Возле лучшей в городе двухэтажной гостиницы, содержателем которой был известный богач Дядин, толпился народ. Многие держали в руках свертки. По грустным заплаканным лицам было видно, что они пережили тревожную ночь и теперь томились, чтобы передать родным еду и вещи.

Другие пришли просто поглазеть, с любопытством встречая и провожая каждого вооруженного белочеха или казака.

Около двери стояла девушка в белой, кружевной косынке с бледным и грустным лицом. Федя встал рядом с нею.

— Барышня может войти, — пригласил ее молодой офицер, открывая двери. — Вам разрешено свидание с братом. — Офицер козырнул и улыбнулся. Очевидно, они знали друг друга раньше.

— Благодарю вас, — тихо промолвила девушка, поднимаясь по ступенькам.
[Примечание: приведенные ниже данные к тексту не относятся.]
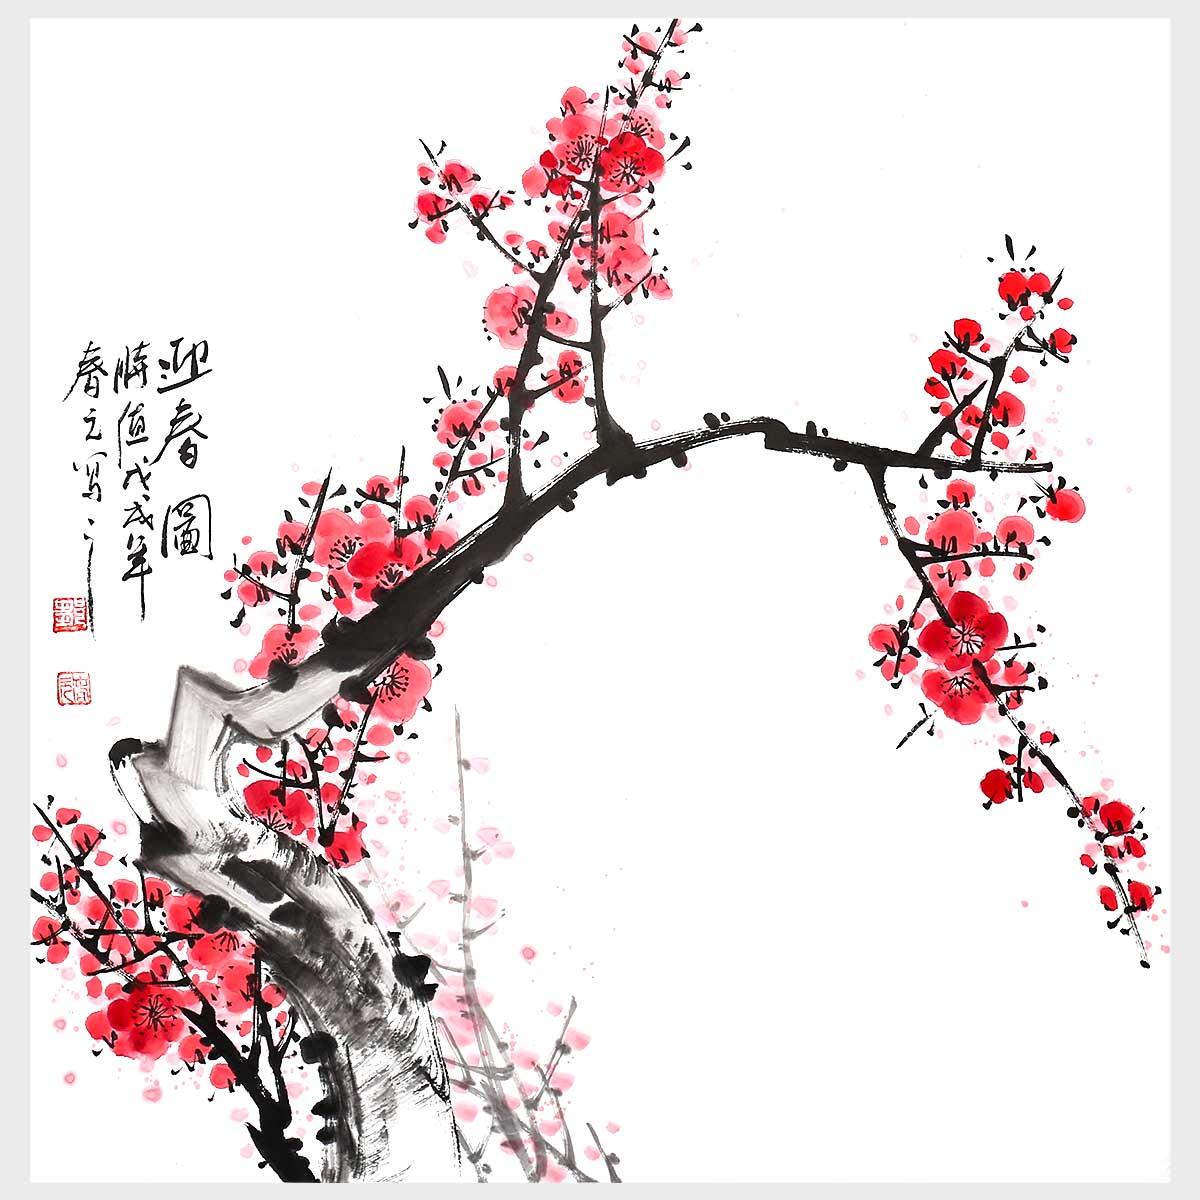 Traditionelle Chinesische Kunst Fruhling Moderne Wohnkultur Chinesische Tuschmalerei Wandkunst Hangende Kunst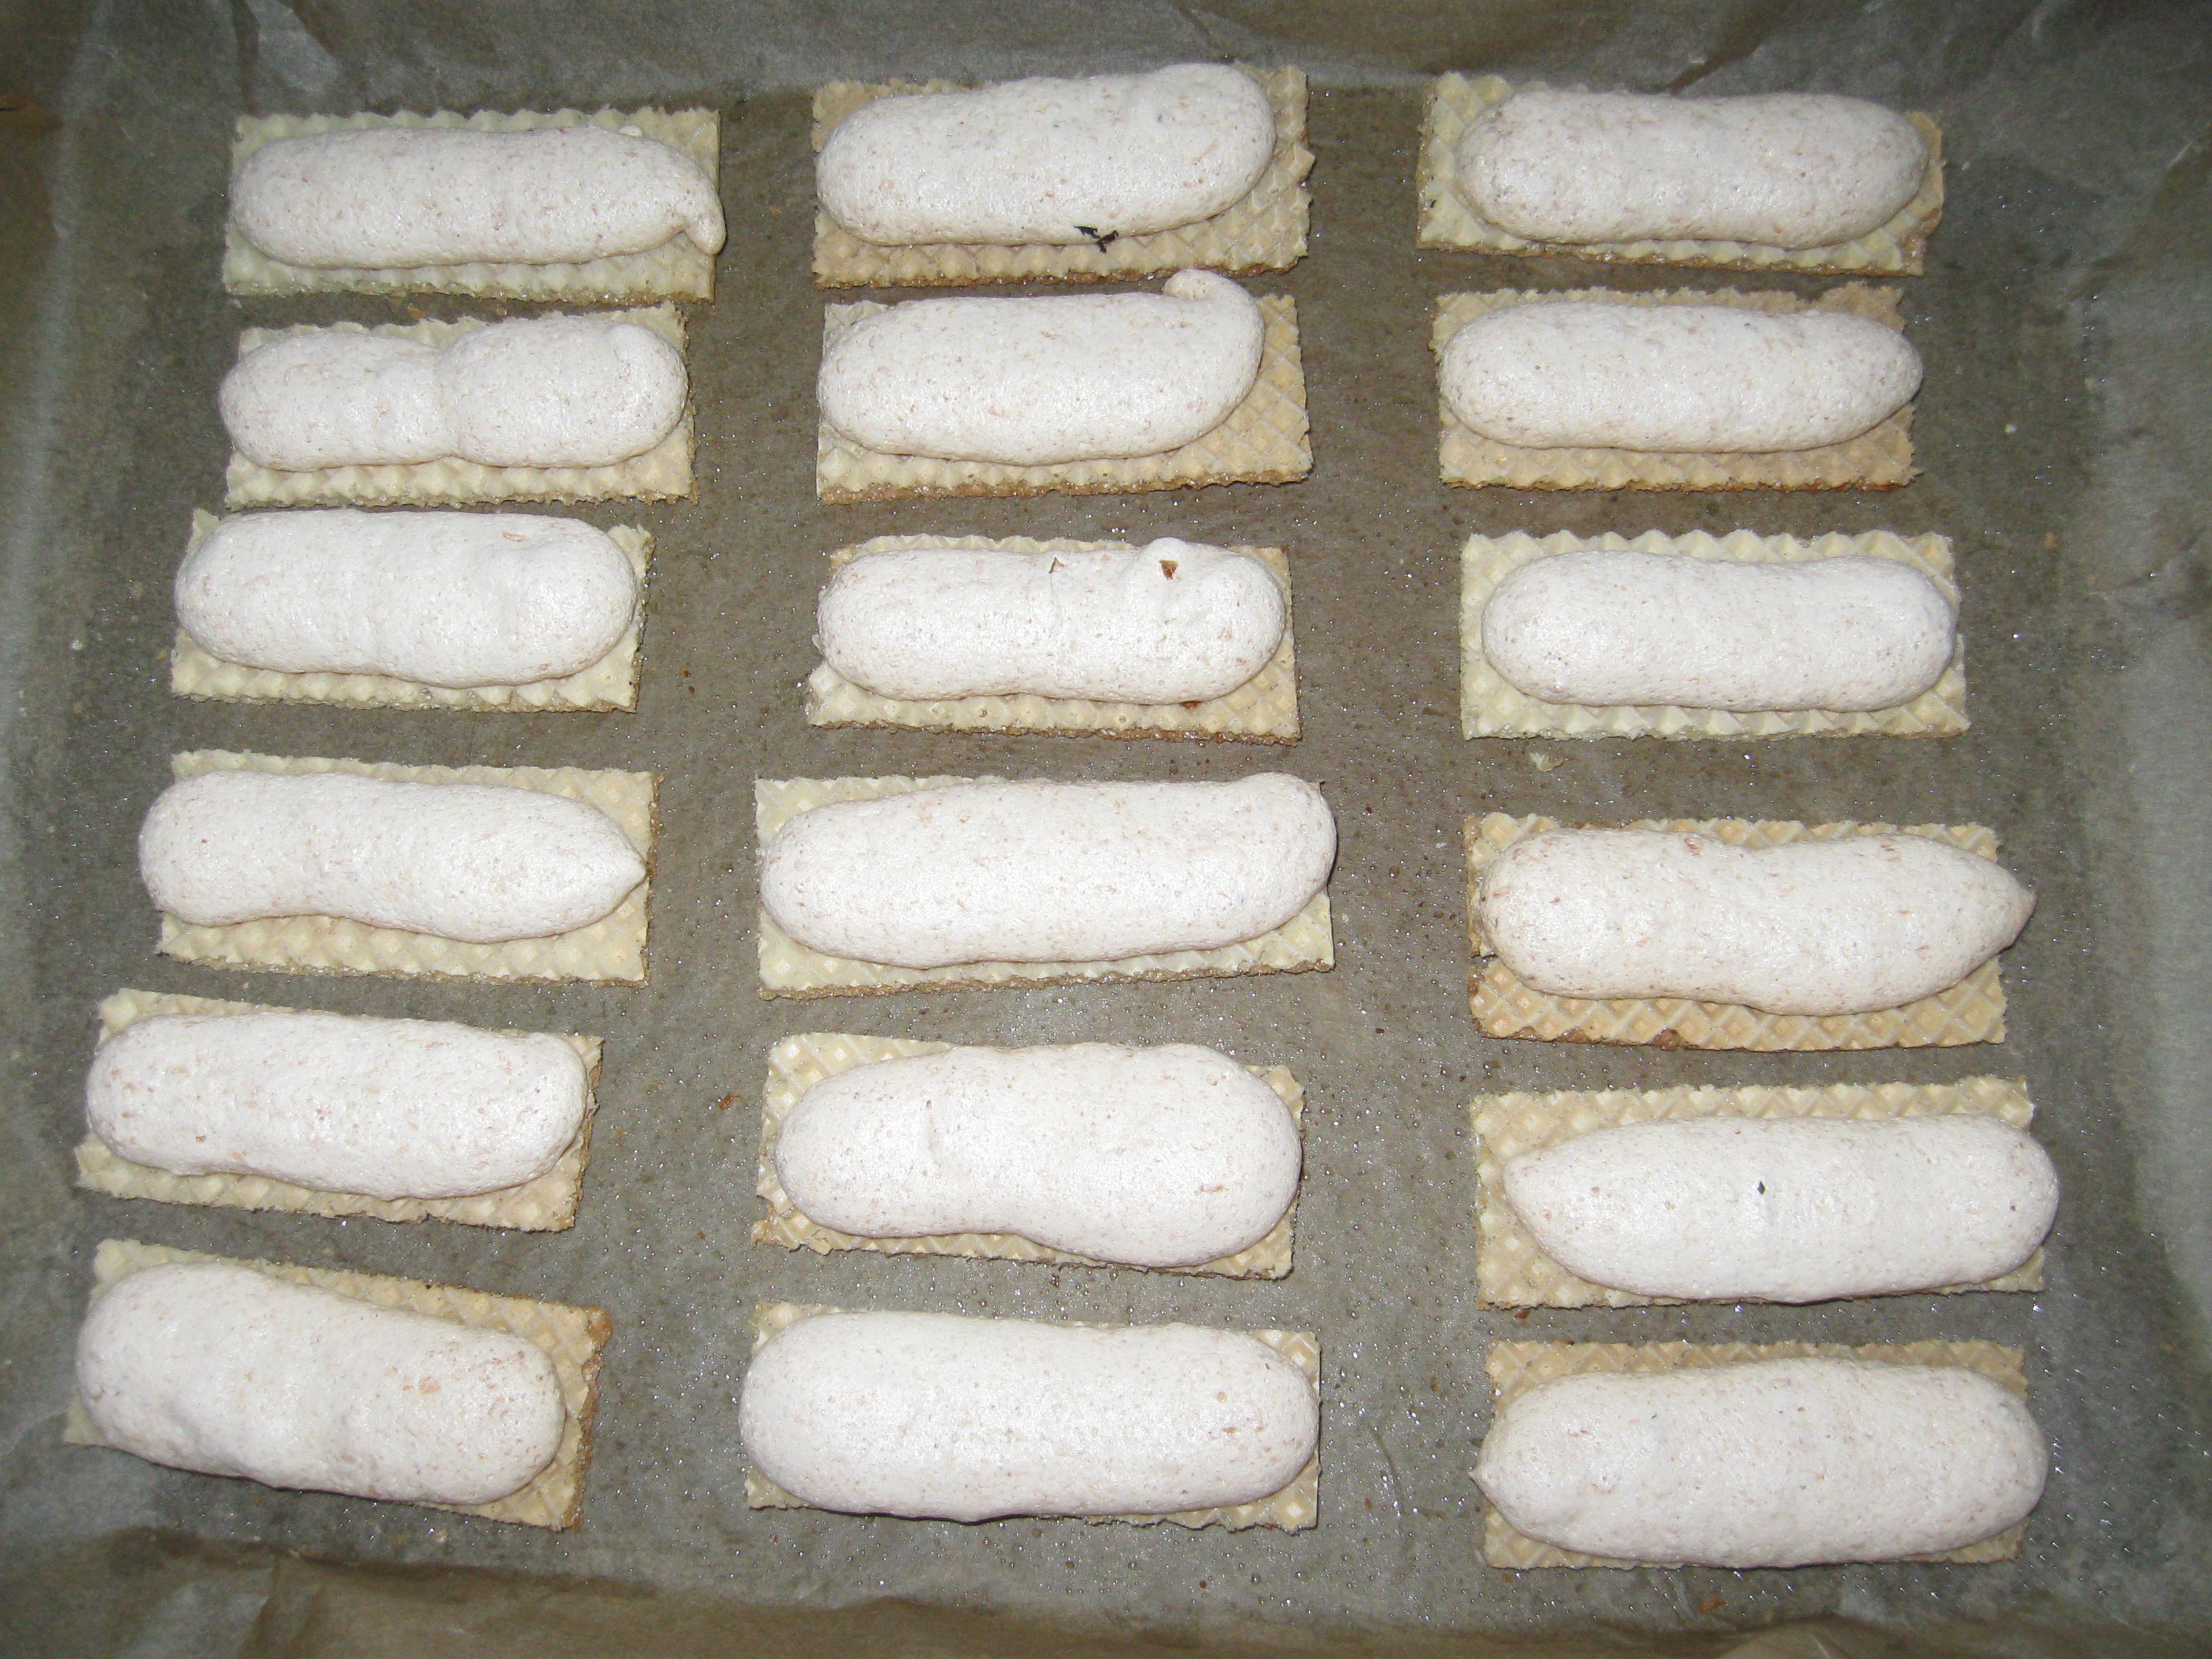 7 Pirozhnye s kokosom i shokoladom

Федя двинулся за нею.

— Тетенька, проведите меня. Будто я с вами, — шепнул он, дотрагиваясь до ее руки в длинной до локтя перчатке.

— А ты куда? — строго окликнул часовой.

— Я… я с ними, — соврал Федя и поспешно юркнул в дверь.

Часовой посмотрел ему вслед и махнул рукой.

В коридоре гостиницы сидел за столом пожилой казак и торопливо жевал белый хлеб с колбасой, запивая молоком из кружки.

Девушка нерешительно остановилась перед ним.

— К кому, барышня? — отрывисто спросил казак, продолжая жевать.

Она назвала фамилию брата.

— А я к Кущенко… К Ивану Васильевичу, — добавил Федя.

— Выкладывайте, — буркнул казак, показывая на свертки. Он допил молоко, сунул кружку в стол и принялся перетрясать принесенные вещи. Особенно тщательно проверял одежду, прощупывал каждый шов, обшлага, воротники.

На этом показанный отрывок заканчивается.